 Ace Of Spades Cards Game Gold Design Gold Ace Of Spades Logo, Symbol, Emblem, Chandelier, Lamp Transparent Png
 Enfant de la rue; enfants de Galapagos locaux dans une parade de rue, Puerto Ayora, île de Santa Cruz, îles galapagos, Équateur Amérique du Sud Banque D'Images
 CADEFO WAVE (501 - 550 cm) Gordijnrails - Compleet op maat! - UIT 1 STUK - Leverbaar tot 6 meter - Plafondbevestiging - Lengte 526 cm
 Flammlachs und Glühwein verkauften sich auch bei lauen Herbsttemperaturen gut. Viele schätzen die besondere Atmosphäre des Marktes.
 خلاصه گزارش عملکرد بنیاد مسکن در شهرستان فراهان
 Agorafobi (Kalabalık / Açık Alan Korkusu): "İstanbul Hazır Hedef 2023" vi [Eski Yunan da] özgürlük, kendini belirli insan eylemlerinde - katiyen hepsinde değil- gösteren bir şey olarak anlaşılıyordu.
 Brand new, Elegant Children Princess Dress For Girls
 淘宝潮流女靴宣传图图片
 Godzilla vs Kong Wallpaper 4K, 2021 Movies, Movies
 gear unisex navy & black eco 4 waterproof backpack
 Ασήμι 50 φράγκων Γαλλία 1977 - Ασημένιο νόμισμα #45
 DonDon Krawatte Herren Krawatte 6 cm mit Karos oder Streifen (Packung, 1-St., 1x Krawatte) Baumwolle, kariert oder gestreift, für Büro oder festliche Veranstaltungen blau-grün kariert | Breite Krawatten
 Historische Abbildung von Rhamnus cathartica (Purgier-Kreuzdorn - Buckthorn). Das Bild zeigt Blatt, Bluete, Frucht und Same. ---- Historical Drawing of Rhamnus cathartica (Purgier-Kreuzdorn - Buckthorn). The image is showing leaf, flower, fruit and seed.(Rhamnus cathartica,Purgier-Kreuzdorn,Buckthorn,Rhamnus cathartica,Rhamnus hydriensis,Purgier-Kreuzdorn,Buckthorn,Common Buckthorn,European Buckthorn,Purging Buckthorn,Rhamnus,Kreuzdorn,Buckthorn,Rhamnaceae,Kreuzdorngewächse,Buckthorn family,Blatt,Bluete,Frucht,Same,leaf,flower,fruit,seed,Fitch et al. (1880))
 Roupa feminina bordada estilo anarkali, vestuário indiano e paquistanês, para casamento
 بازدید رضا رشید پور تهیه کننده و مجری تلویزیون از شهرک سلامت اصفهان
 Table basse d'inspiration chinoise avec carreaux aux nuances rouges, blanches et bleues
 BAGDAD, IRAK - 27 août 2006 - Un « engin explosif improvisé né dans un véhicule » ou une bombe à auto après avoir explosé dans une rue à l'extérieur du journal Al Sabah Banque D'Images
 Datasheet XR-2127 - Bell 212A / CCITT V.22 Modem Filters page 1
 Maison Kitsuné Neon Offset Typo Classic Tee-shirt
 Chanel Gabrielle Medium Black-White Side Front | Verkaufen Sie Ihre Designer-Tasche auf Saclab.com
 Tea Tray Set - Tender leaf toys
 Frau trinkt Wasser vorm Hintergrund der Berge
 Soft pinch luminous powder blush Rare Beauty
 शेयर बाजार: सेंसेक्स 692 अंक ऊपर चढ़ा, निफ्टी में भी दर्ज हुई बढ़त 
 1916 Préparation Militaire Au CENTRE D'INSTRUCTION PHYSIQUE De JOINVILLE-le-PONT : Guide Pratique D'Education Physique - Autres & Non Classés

## [Problem to work on]
Now output the listing above, exactly as it appears.

## [Result of the task]
 Ace Of Spades Cards Game Gold Design Gold Ace Of Spades Logo, Symbol, Emblem, Chandelier, Lamp Transparent Png
 Enfant de la rue; enfants de Galapagos locaux dans une parade de rue, Puerto Ayora, île de Santa Cruz, îles galapagos, Équateur Amérique du Sud Banque D'Images
 CADEFO WAVE (501 - 550 cm) Gordijnrails - Compleet op maat! - UIT 1 STUK - Leverbaar tot 6 meter - Plafondbevestiging - Lengte 526 cm
 Flammlachs und Glühwein verkauften sich auch bei lauen Herbsttemperaturen gut. Viele schätzen die besondere Atmosphäre des Marktes.
 خلاصه گزارش عملکرد بنیاد مسکن در شهرستان فراهان
 Agorafobi (Kalabalık / Açık Alan Korkusu): "İstanbul Hazır Hedef 2023" vi [Eski Yunan da] özgürlük, kendini belirli insan eylemlerinde - katiyen hepsinde değil- gösteren bir şey olarak anlaşılıyordu.
 Brand new, Elegant Children Princess Dress For Girls
 淘宝潮流女靴宣传图图片
 Godzilla vs Kong Wallpaper 4K, 2021 Movies, Movies
 gear unisex navy & black eco 4 waterproof backpack
 Ασήμι 50 φράγκων Γαλλία 1977 - Ασημένιο νόμισμα #45
 DonDon Krawatte Herren Krawatte 6 cm mit Karos oder Streifen (Packung, 1-St., 1x Krawatte) Baumwolle, kariert oder gestreift, für Büro oder festliche Veranstaltungen blau-grün kariert | Breite Krawatten
 Historische Abbildung von Rhamnus cathartica (Purgier-Kreuzdorn - Buckthorn). Das Bild zeigt Blatt, Bluete, Frucht und Same. ---- Historical Drawing of Rhamnus cathartica (Purgier-Kreuzdorn - Buckthorn). The image is showing leaf, flower, fruit and seed.(Rhamnus cathartica,Purgier-Kreuzdorn,Buckthorn,Rhamnus cathartica,Rhamnus hydriensis,Purgier-Kreuzdorn,Buckthorn,Common Buckthorn,European Buckthorn,Purging Buckthorn,Rhamnus,Kreuzdorn,Buckthorn,Rhamnaceae,Kreuzdorngewächse,Buckthorn family,Blatt,Bluete,Frucht,Same,leaf,flower,fruit,seed,Fitch et al. (1880))
 Roupa feminina bordada estilo anarkali, vestuário indiano e paquistanês, para casamento
 بازدید رضا رشید پور تهیه کننده و مجری تلویزیون از شهرک سلامت اصفهان
 Table basse d'inspiration chinoise avec carreaux aux nuances rouges, blanches et bleues
 BAGDAD, IRAK - 27 août 2006 - Un « engin explosif improvisé né dans un véhicule » ou une bombe à auto après avoir explosé dans une rue à l'extérieur du journal Al Sabah Banque D'Images
 Datasheet XR-2127 - Bell 212A / CCITT V.22 Modem Filters page 1
 Maison Kitsuné Neon Offset Typo Classic Tee-shirt
 Chanel Gabrielle Medium Black-White Side Front | Verkaufen Sie Ihre Designer-Tasche auf Saclab.com
 Tea Tray Set - Tender leaf toys
 Frau trinkt Wasser vorm Hintergrund der Berge
 Soft pinch luminous powder blush Rare Beauty
 शेयर बाजार: सेंसेक्स 692 अंक ऊपर चढ़ा, निफ्टी में भी दर्ज हुई बढ़त 
 1916 Préparation Militaire Au CENTRE D'INSTRUCTION PHYSIQUE De JOINVILLE-le-PONT : Guide Pratique D'Education Physique - Autres & Non Classés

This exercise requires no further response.